Первым (главным) компонентом композиционных материа­лов является связующее — вещество, способное переходить из жидкообразного состояния в твердое. Основой связующего явля­ются вяжущие вещества, битумы и полимеры.

Вторым компонентом в композитах являются инертные рых­лые материалы — заполнители (песок, гравий, щебень и др.) и наполнители (тонкие минеральные порошки, волокна различного происхождения, технические ткани).

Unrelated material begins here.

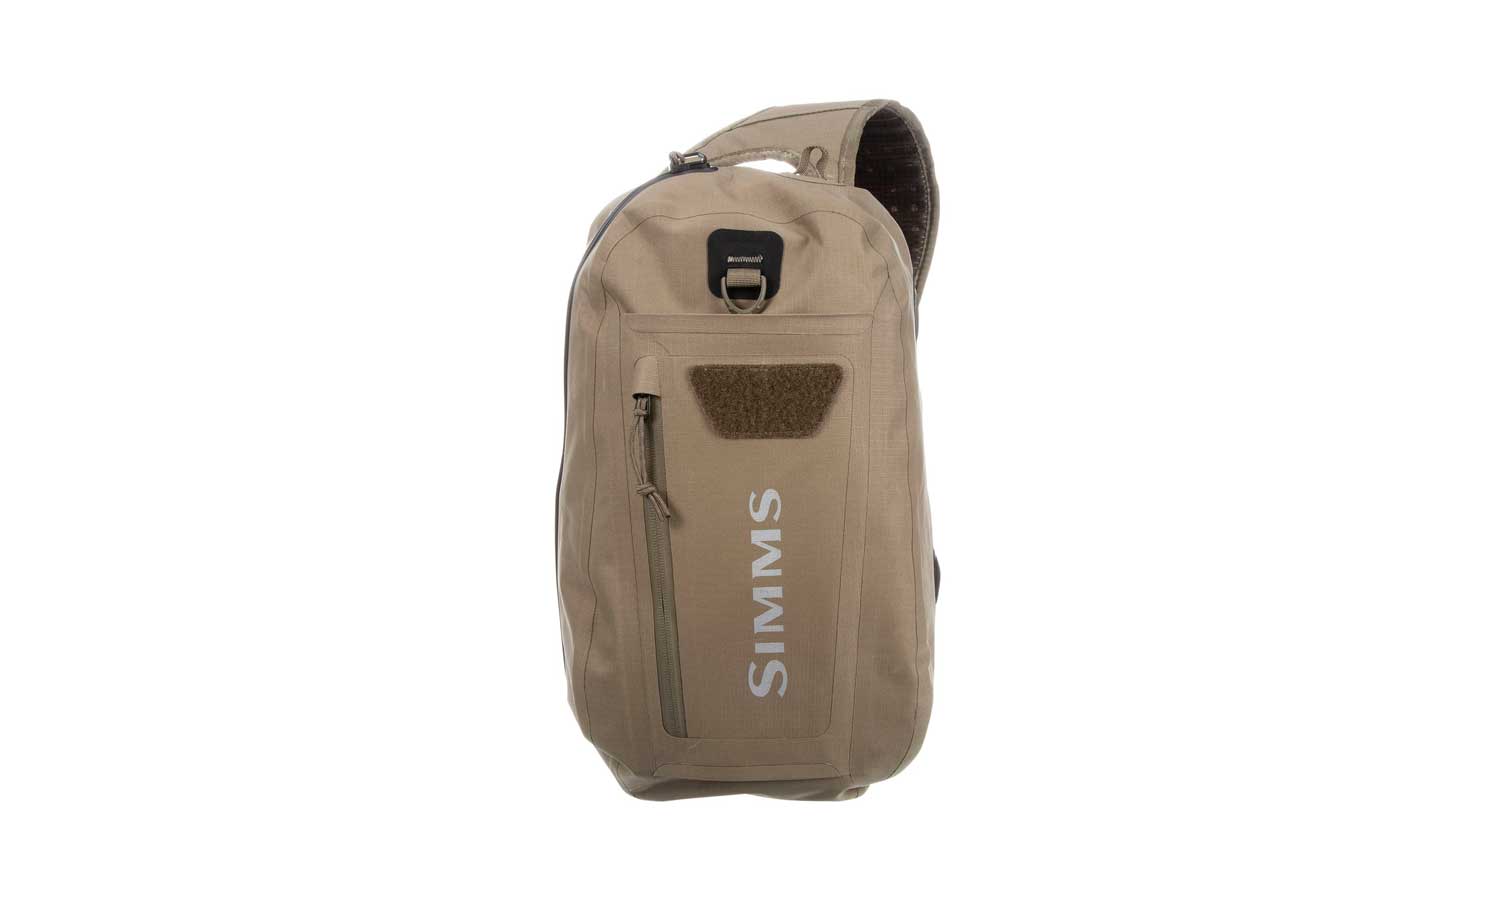 simms sling pack

Назначение заполнителей и наполнителей, с одной стороны — снизить стоимость материала, так как связующее является более дорогим компонентом, а с дру­гой стороны — сообщить материалу те или иные полезные свой­ства, например повысить прочность, твердость, теплостойкость, снизить усадку и т. д.

Третьим компонентом являются различные добавки, приме­няемые в малых дозах, но позволяющие существенно скорректи­ровать свойства композиции.

Связующее вещество в композиционных материалах образует матрицу — непрерывную среду, включающую в себя частицы или волокна наполнителя (заполнителя).

В курсе строительных материалов рассматриваются закономер­ности процессов и явлений, лежащих в основе получения матери­алов с заданными свойствами, а также происходящих при эксп­луатации материалов в конструкциях и определяющих их долго­вечность.

Изучение данного курса позволит сформировать знания основ строительного материаловедения, общих законов структурообра — зования искусственные строительных конгломератов, связи стро­ительно-технических свойств материалов с их составом и строе­нием; приобрести навыки по испытанию строительных материа­лов, оценке их физико-технических свойств, стойкости и надеж­ности, правильному выбору материалов, их оптимальных сочета­ний в конкретных условиях строительства.